And this advice goes for ALL of you in these forums, as many of you have had or are in relationships ... with many of you surely struggling with relationships, having women drive you nuts, yes?
Get that book, read it and share it with your GF.
Also, understand that relationships don't necessarily last "forever." This "til death do us part" tradition in marriages/relationships is a load of bullsh!t.
Relationships are great mirrors for each person to experience with each other, reflecting many aspects of each other, especially the flaws inherent within each other ... and that can be hard experiences to go through.
What I mean by "reflecting the flaws with each other" is that when you are close to someone, living with someone, regardless of age, the flaws/imperfections of each other would be quite evident to each other, so it would be a challenge to each to recognize the flaws and work with them in compassionate ways with the hope that the flaws could be changed/transformed, but being realistic that sometimes flaws are almost impossible to eliminate in a lifetime.
Trust in a relationship is like the stock market ... it takes a long time to build trust, but it can fall at free fall speed when trust is broken.
I've seen all sorts of relationships ... monogamous and open relationships with both sorts working very well for the respective people.
If you want an open relationship, then be clear on that and be honest with each other if you are seeing others.
You both are young, very young, so I would suggest for you to focus on the quality of the here~and~now relationship that you have with each other and work on your own flaws the best that you can, to improve one's own flaws/imperfections the best that one can.
Don't worry about whether you both want to be together "forever". Maybe marriage is in the cards, maybe not, but getting wound up in the idea of marriage is a distraction that is best avoided. Stay in the present moment at all times as much as you can.
Always have lots of TP on hand for your GF ... ladies do not like to run out of TP! Keep the bathroom clean. Don't toss around your dirty clothes on the floors. Clean up after yourself, especially in the kitchen and bathroom.
Be kind to each other. Be nice to each other. Be compassionate with each other's flaws, offering to help each other work on each one's own flaws, but don't expect the flaws to disappear right away, if at all.
Relationships frequently start out with a strong charge (which is the strength of attraction to each other, sort of like the attraction of magnets to each other), then over time, such charges dissipate while the relationship inevitably changes each one to some degrees. Change is inevitable and not a bad thing.

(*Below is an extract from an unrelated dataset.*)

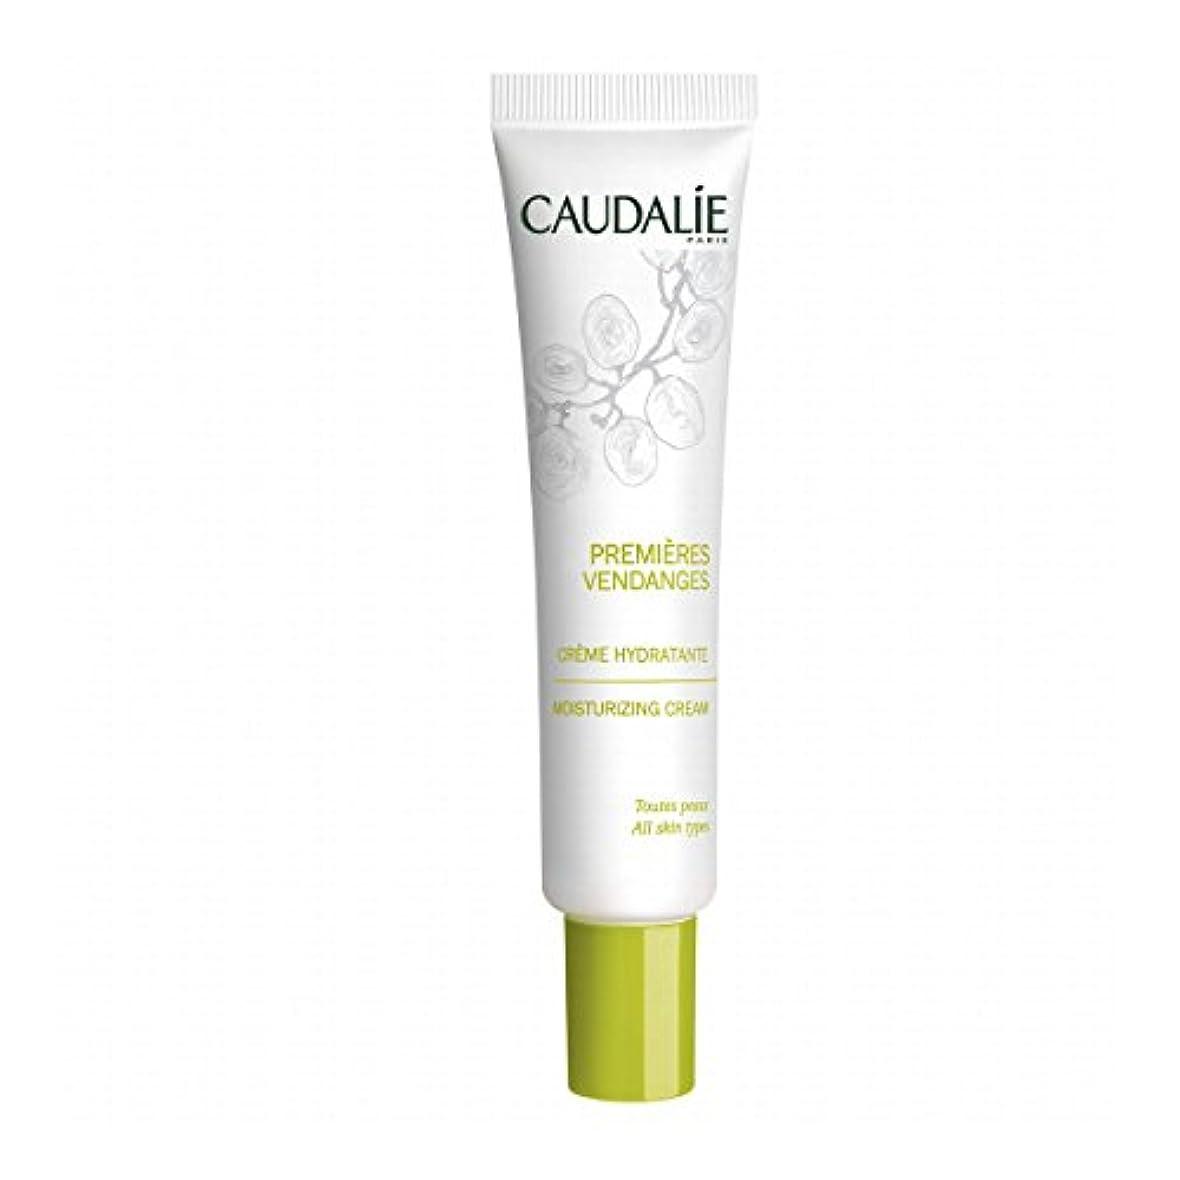 路面電車承認する用心深いCaudalie Premieres Vendanges Moisturizing Cream 40ml [並行輸入品]

Many times relationships end when there is no more charge, no more attraction, when the each one's journey together has ended and it's time to move on, having be changed/transformed by the relationship for the better.
Ending relationships is not a bad thing ... it's just a change and that's not a bad thing. Be grateful for the time that you have together, beit several months, a year or years.
Develop your own selves, yet work/play together and create memories with which you can take forward in your lives. It's not the material things that you acquire that will make you both happy ... it's the shared experiences, memories that you both would create that is of immense value, much more so than any damn thing that you get on sale at a box store.
You are young only once, so make the best of it.
Be sure to get that book, read it and discuss it with each other. Share the book with others and help them learn how to be successful with relationships by understanding the inherent dynamics of the female/male relationships.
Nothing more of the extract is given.